One of the two daughters of William C. Holland, Elaine Hough, was the co-author of the National Register nomination. Kathleen Holland Matuska served as President of both the Governing Board and the Endowment and Fund Raising Board of the Jim Gatchell Museum in Buffalo, Wyoming. Holland Matuska received the 2001 Achievers Award for her efforts in spearheading fundraising efforts for the Museum Association. One of Holland Matuska's fundraisers involved the branding of Jim Gatchell Carriage House which can be seen today. Kathleen Holland Matuska was also actively involved in the community as a member of the Johnson County Fair Board and local 4-H.

==Holland House==
The Holland House was built on land deeded to William Henry Harrison by Mrs. Juliet W. Hart. In the deed, Mrs. Hart stipulated that the house must cost at least $2500.00. The builder was Edward Curren, who also built the Johnson County Courthouse.
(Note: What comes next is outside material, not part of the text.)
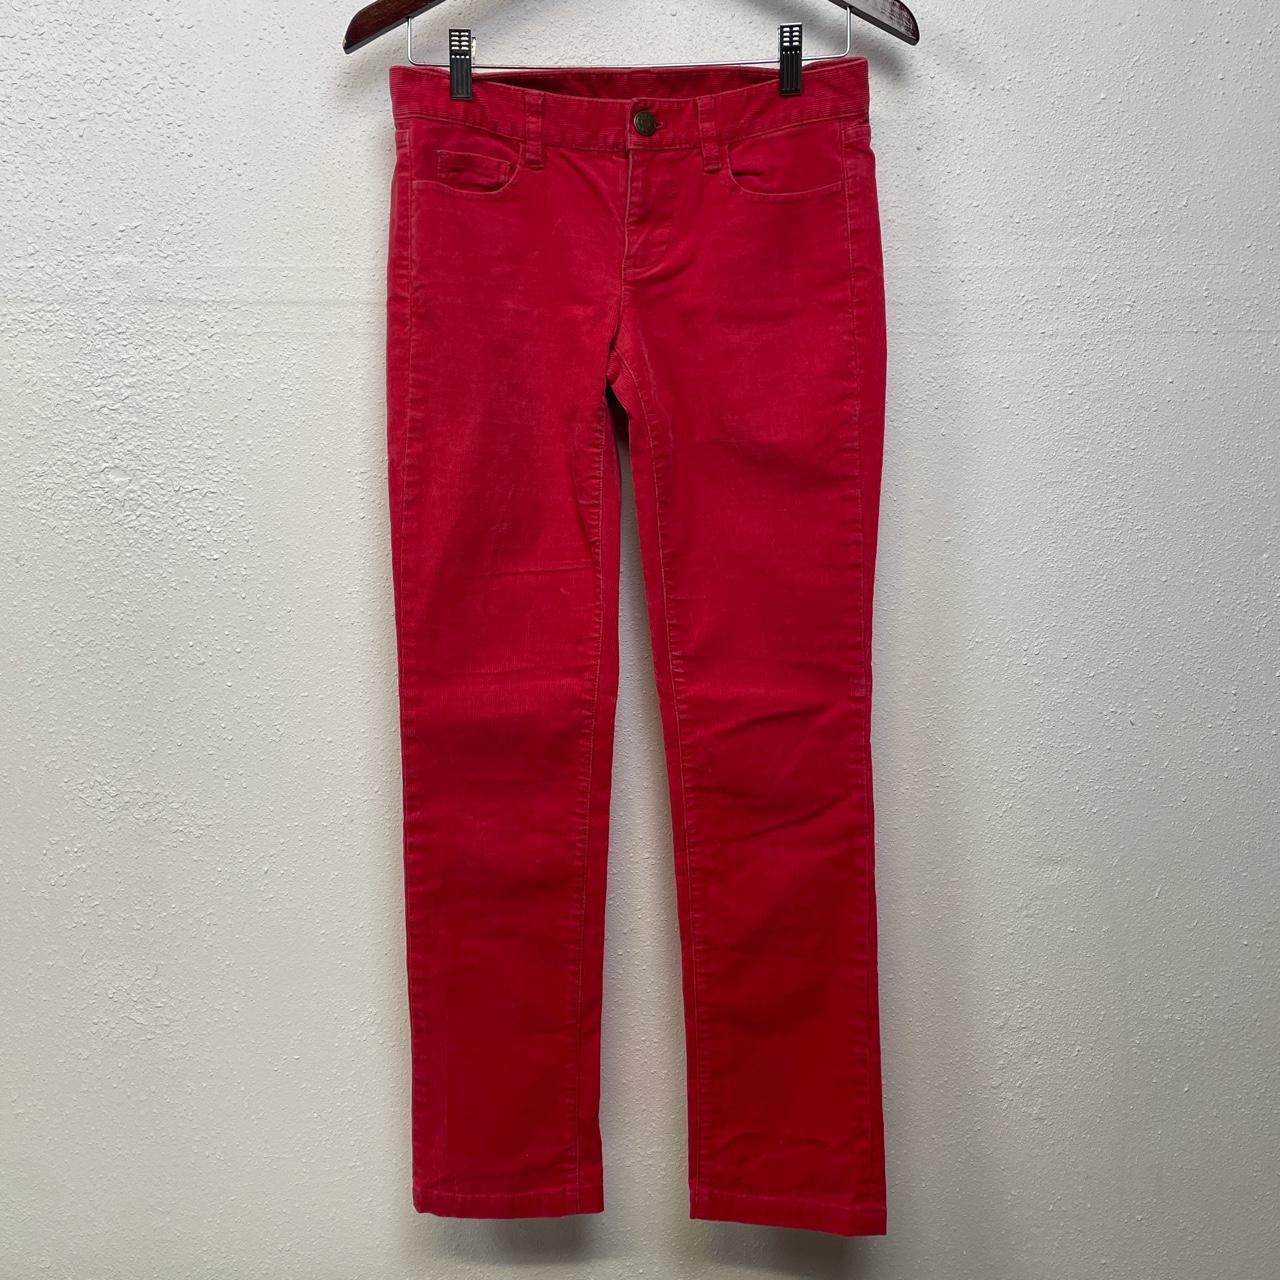 J.Crew Women's Red Jeans

The Holland House is a good example of a late Victorian vernacular brick house. It has decorative window arches and shingles in the gable ends, as well as a bay window on the south side. The building is L-shaped, with a rectangular addition on the rear, and it is one-and-a-half stories tall. The roof is gabled with a main side gable intersected with smaller front and rear gables.

The brick for the house was manufactured by the Buffalo Brick Company, and is laid in a common bond. Red colored stucco placed over the foundations covers about a quarter of the wall on the facade, and the rest of the brick walls. Two double hung windows flank the front entry. Two headers of brock are placed above the windows to form rowlock arches.

The entrance to the house is through a 1930s style colonial revival door with a fanlight above the glass panel storm door. A gabled hood covers the front stoop. This hood replaces an earlier frame porch that was removed for structural purposes. A bay window centered on the middle of the original house's south side has three double hung windows. A frame screened-in porch was added during the 1890s, and it is located south of the bay window on the south side of the house. Glass windows were added to the porch in 1956 to make it into a sun porch. A shed roof covers the back porch. Access to the rear of the house is provided through the sun porch addition.

The original interior plan featured a central hall with a living room on one side and a parlor on the other. Stairs to the upper story were in the central hall. The kitchen and pantry were in the rear. Three bedrooms were located on the upper story. Remodeling in 1937 and 1956 changed the interior slightly. The upper story now had a bedroom. The house is shaded by 100-year-old cottonwood trees that were planted by the original owner.